### Aim of the task
Only the lines of the data below from the one with "Viseira Azul Metalizada" through the one with "6f7a18824b02 MICHAEL KORS" are wanted. Repeat them exactly.

### Records supplied
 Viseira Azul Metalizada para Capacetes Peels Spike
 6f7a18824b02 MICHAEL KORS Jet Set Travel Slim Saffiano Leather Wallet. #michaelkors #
--
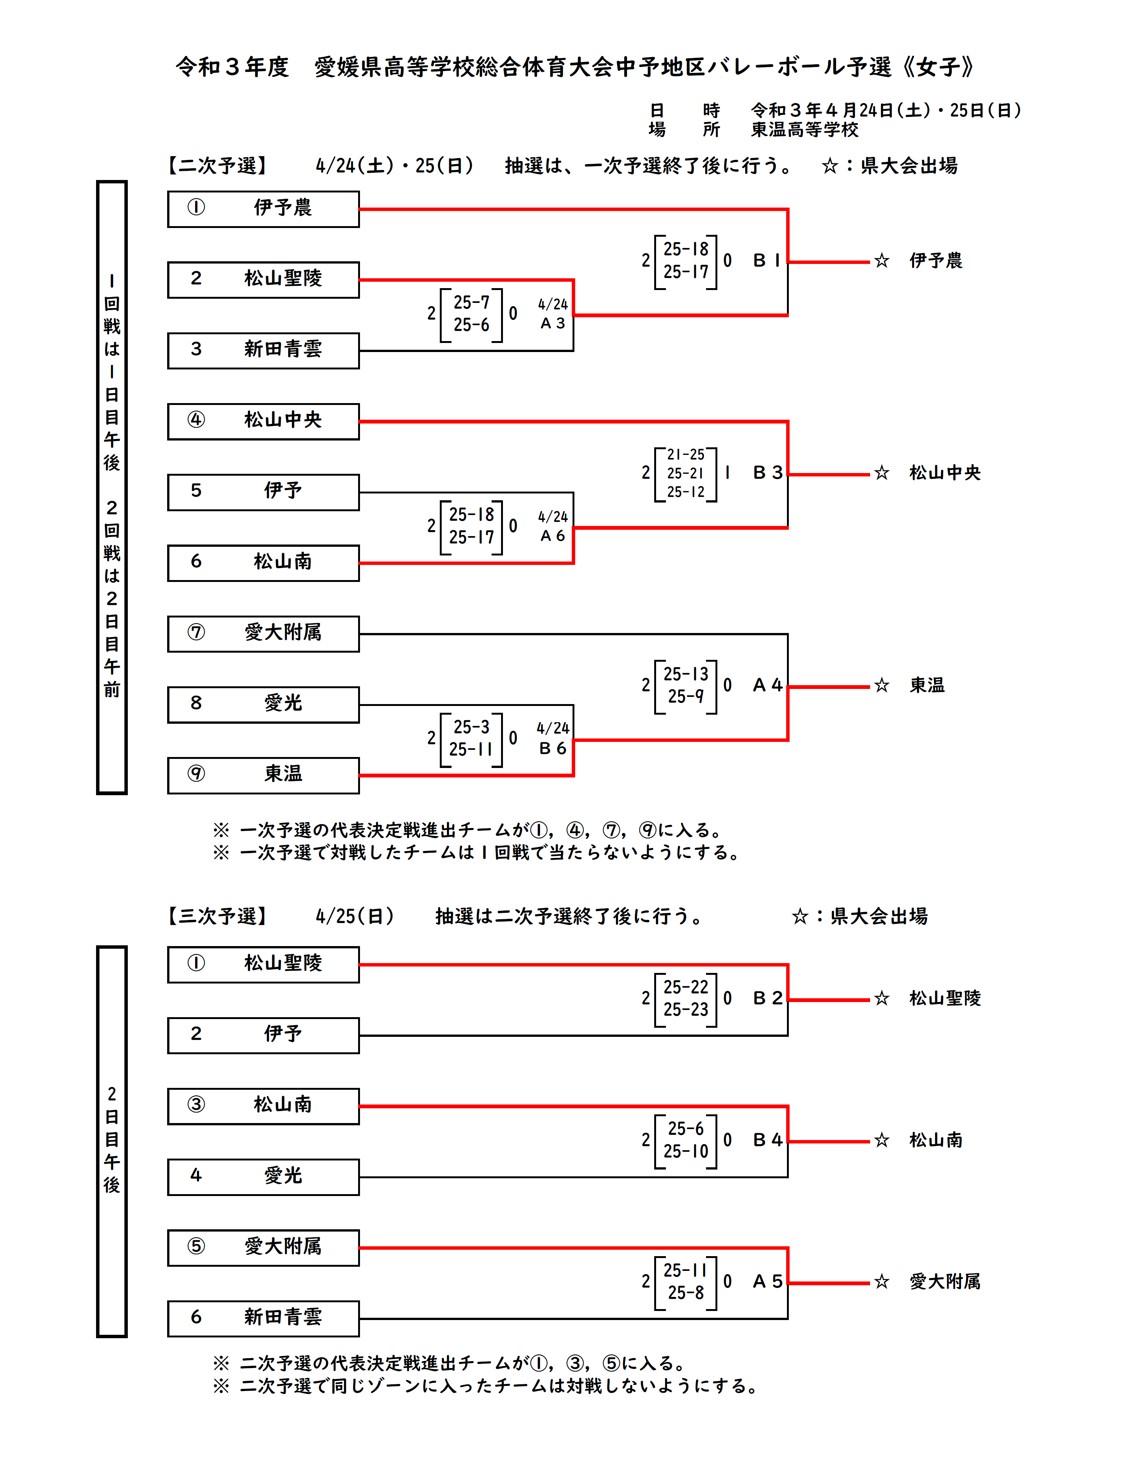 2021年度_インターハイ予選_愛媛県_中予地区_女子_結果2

### Solution for this problem
 Viseira Azul Metalizada para Capacetes Peels Spike
 6f7a18824b02 MICHAEL KORS Jet Set Travel Slim Saffiano Leather Wallet. #michaelkors #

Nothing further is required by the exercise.